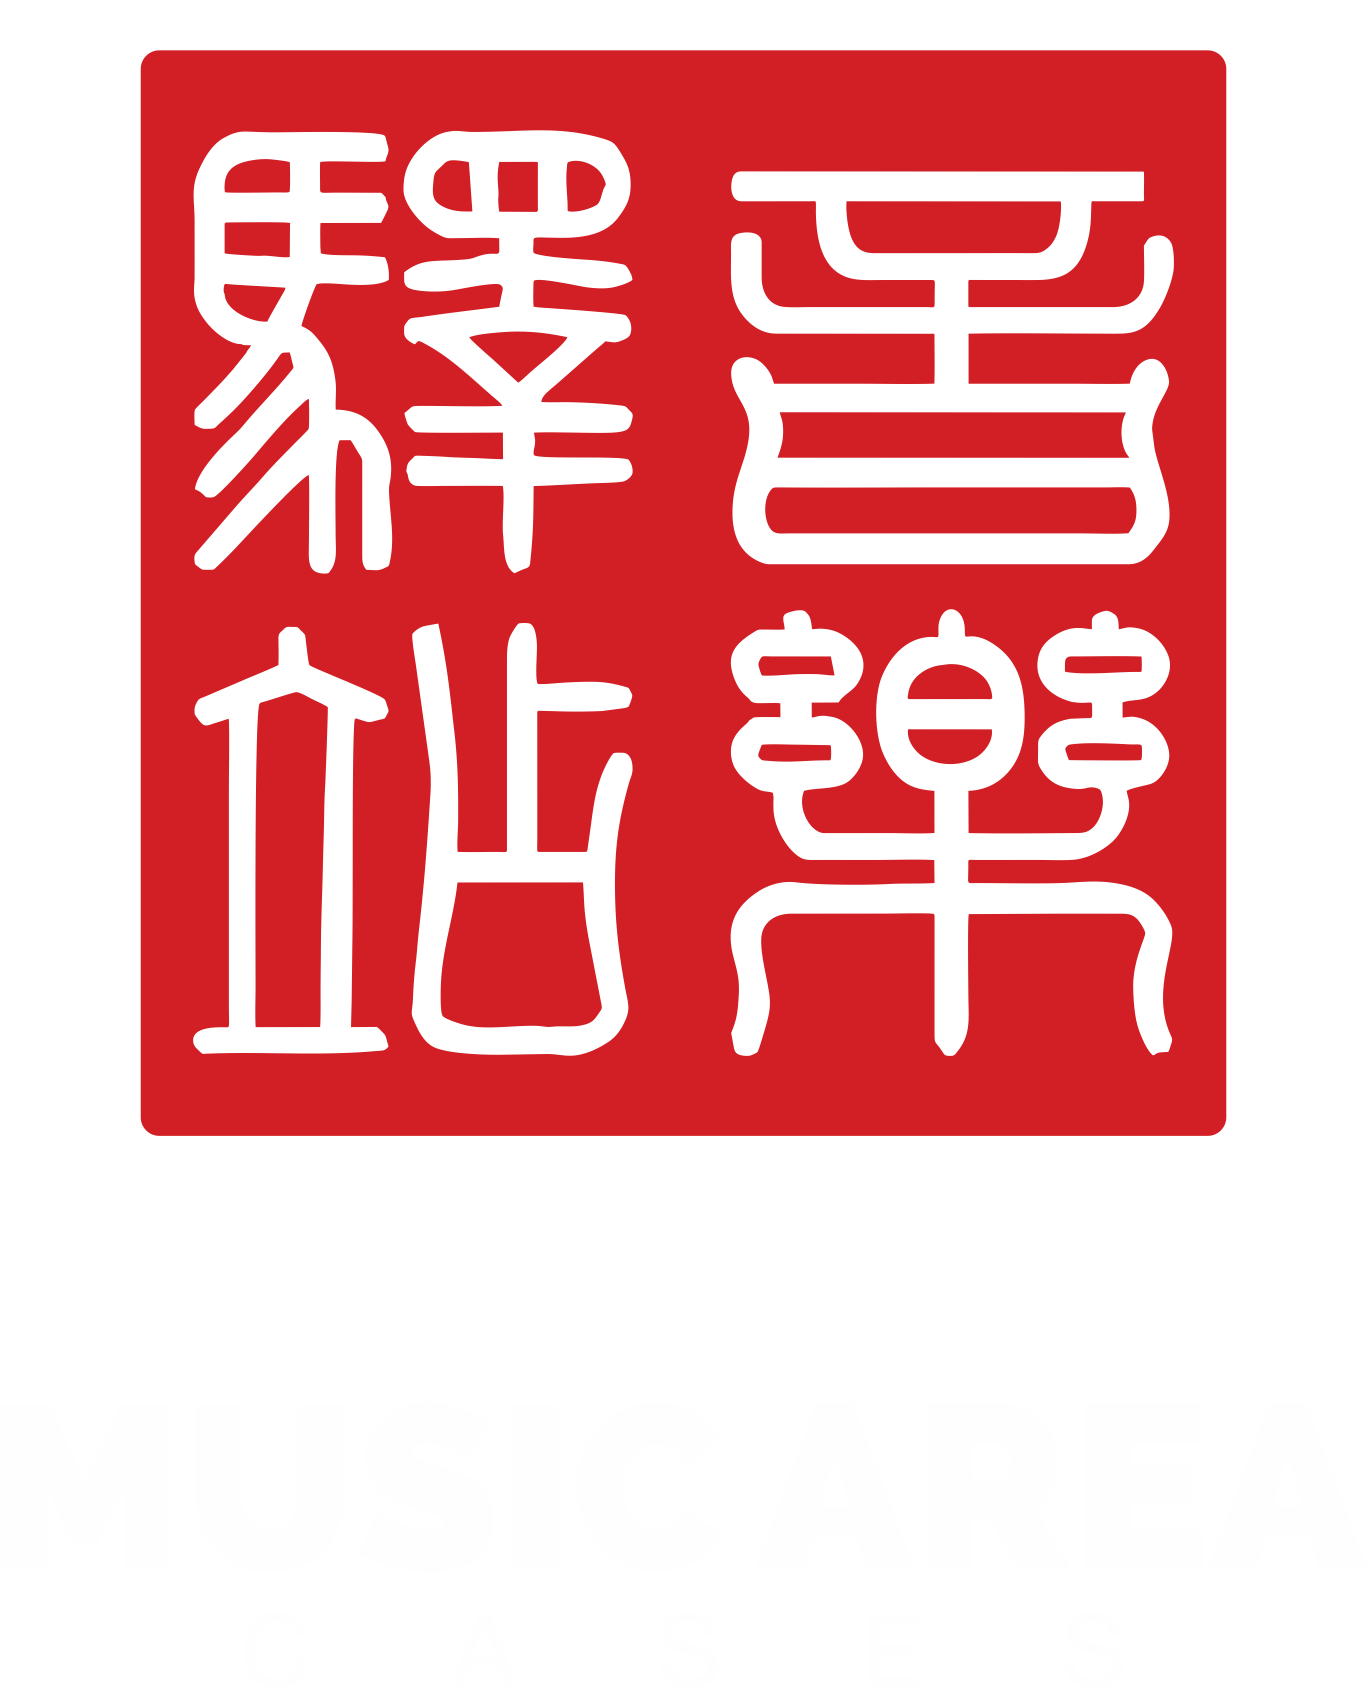 Area Logo - Music Area Logo. Music Area Protection for Precious Property
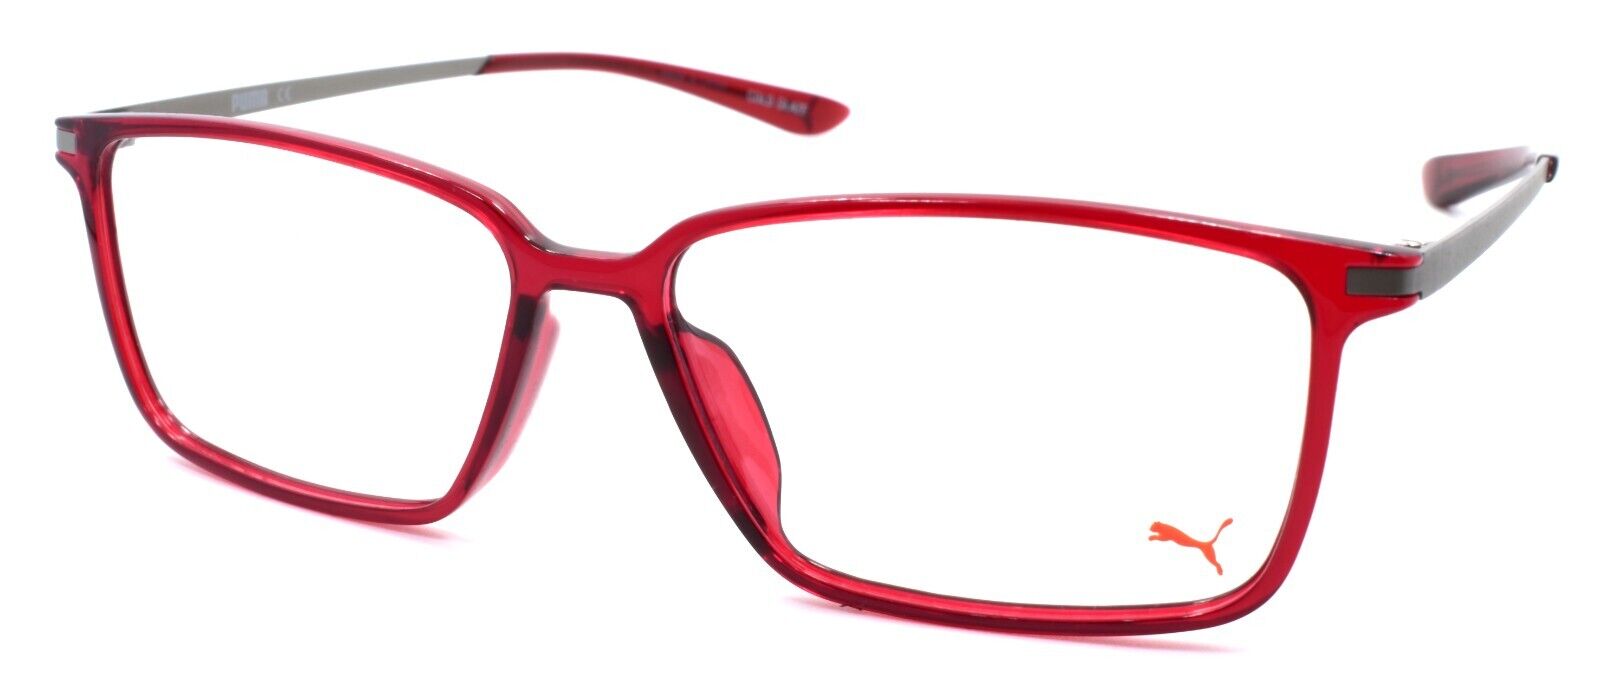 1-PUMA PU0114O 004 Eyeglasses Frames 55-14-145 Burgundy Red / Silver-889652063591-IKSpecs
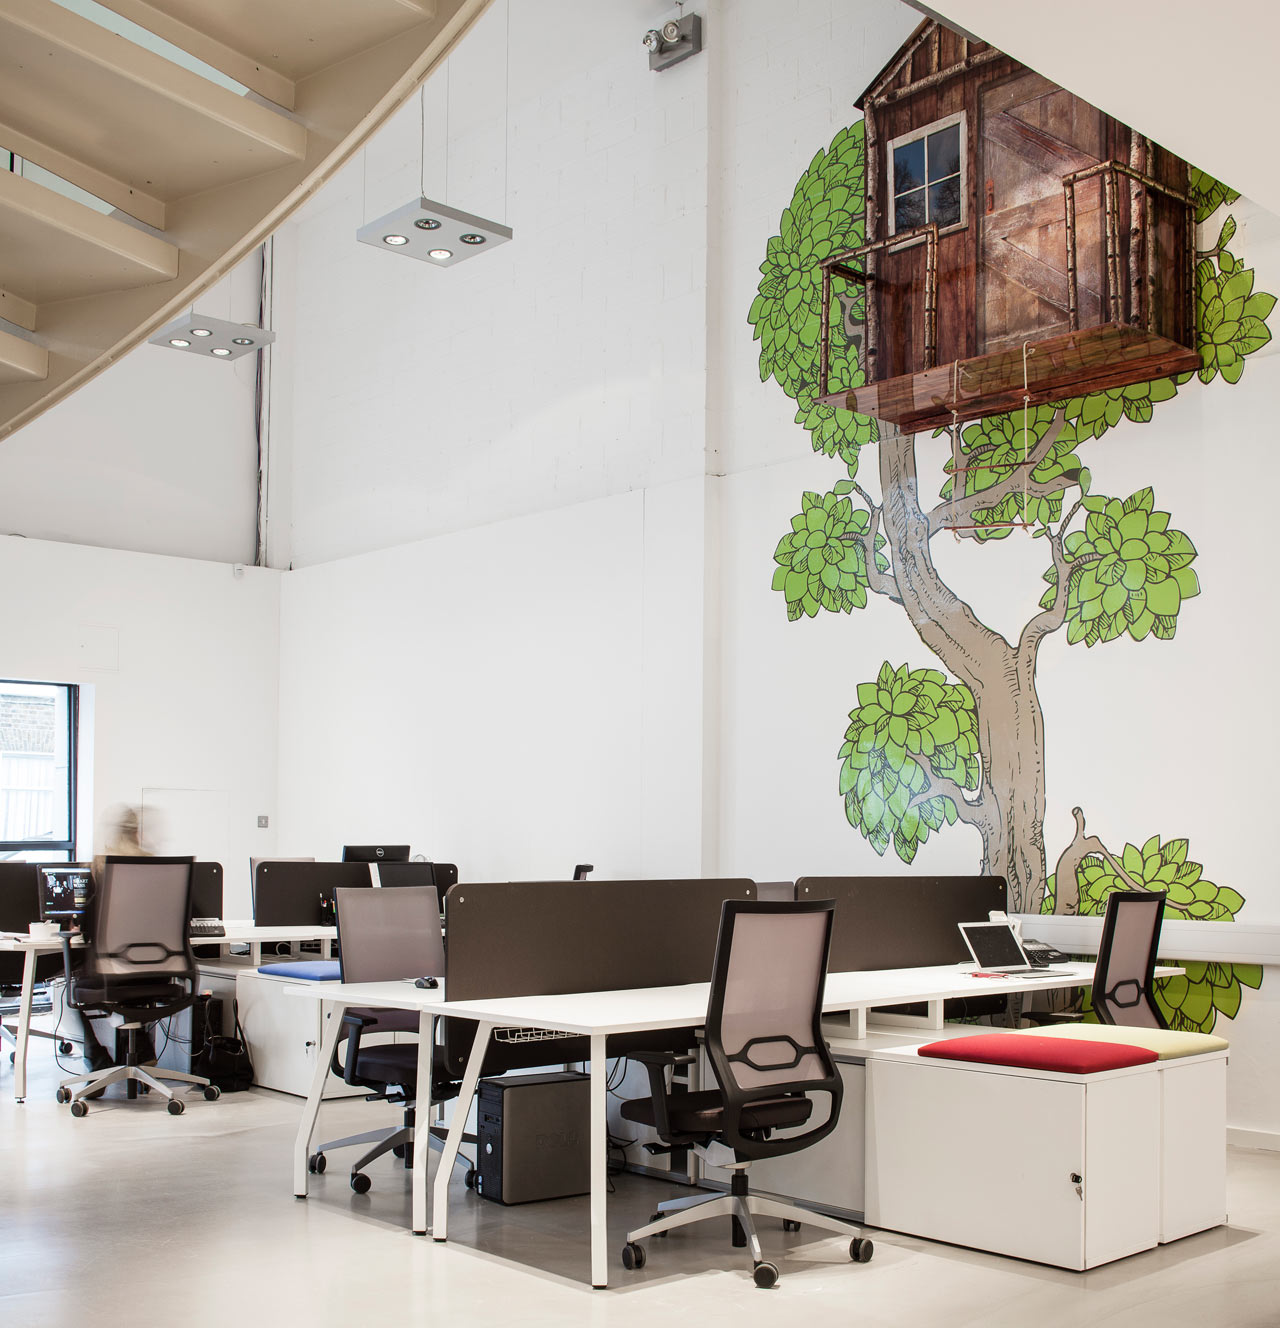 Nová kancelář VERVE má auto i stromy
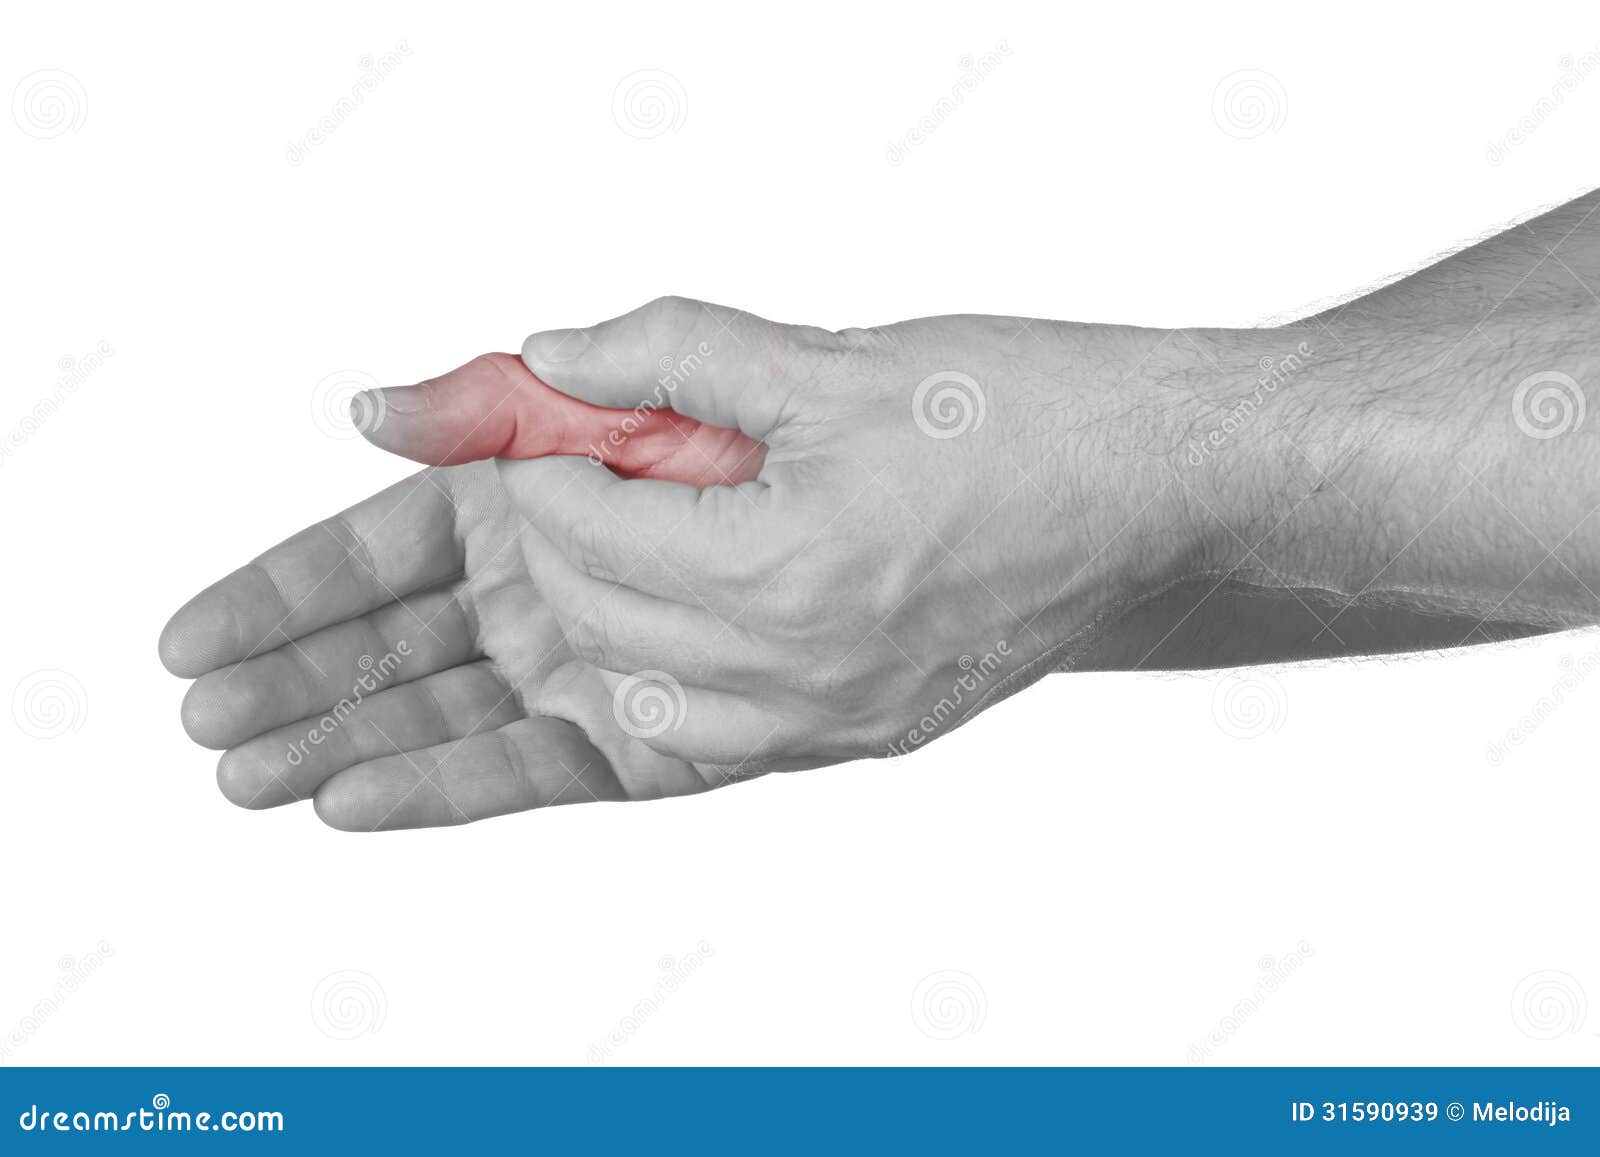 Болит основание сустава большого пальца. Сустав большого пальца руки. Боль в суставе большого пальца руки. Болит сустав большого пальца на руке. Болит сустав Болшево пальца на руке.
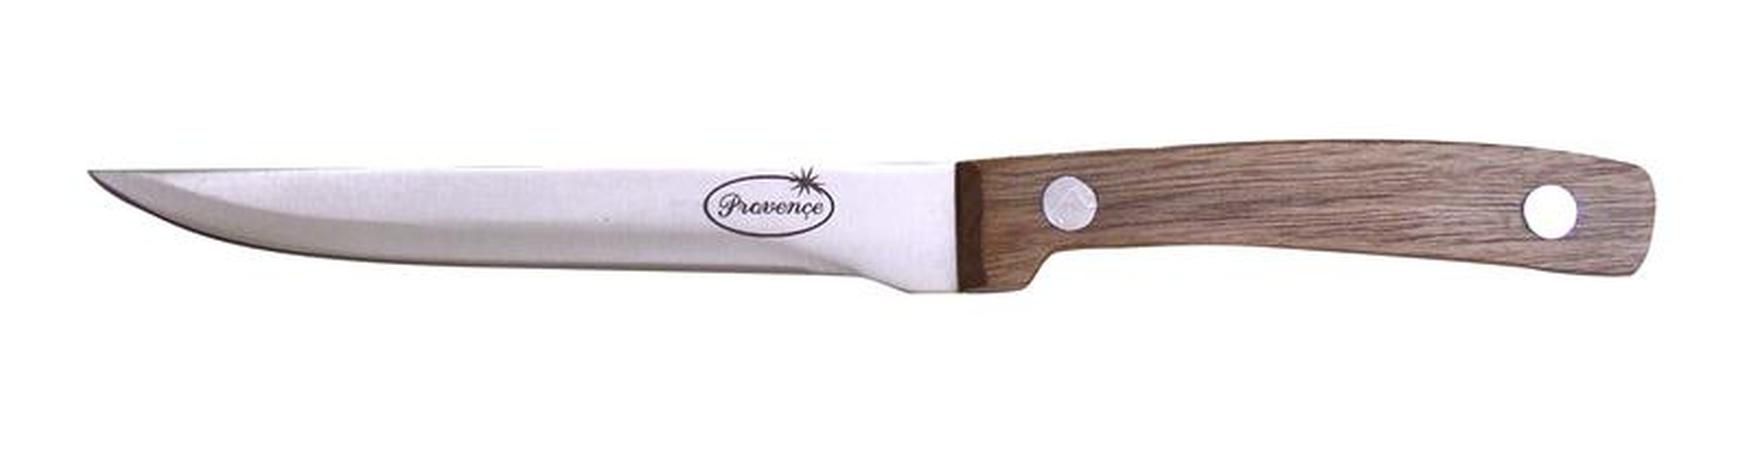 Vykošťovací nůž Provence wood 15cm, nerezová ocel, dřevo - Kitos.cz
——
> _WHAT THE EXERCISE ASKS_:
Word for word, restate the material above; do not carry over the pictures.

> _RESPONSE AREA_:
 Area Logo - Music Area Logo. Music Area Protection for Precious Property
 1-PUMA PU0114O 004 Eyeglasses Frames 55-14-145 Burgundy Red / Silver-889652063591-IKSpecs
 Nová kancelář VERVE má auto i stromy
 Болит основание сустава большого пальца. Сустав большого пальца руки. Боль в суставе большого пальца руки. Болит сустав большого пальца на руке. Болит сустав Болшево пальца на руке.
 Vykošťovací nůž Provence wood 15cm, nerezová ocel, dřevo - Kitos.cz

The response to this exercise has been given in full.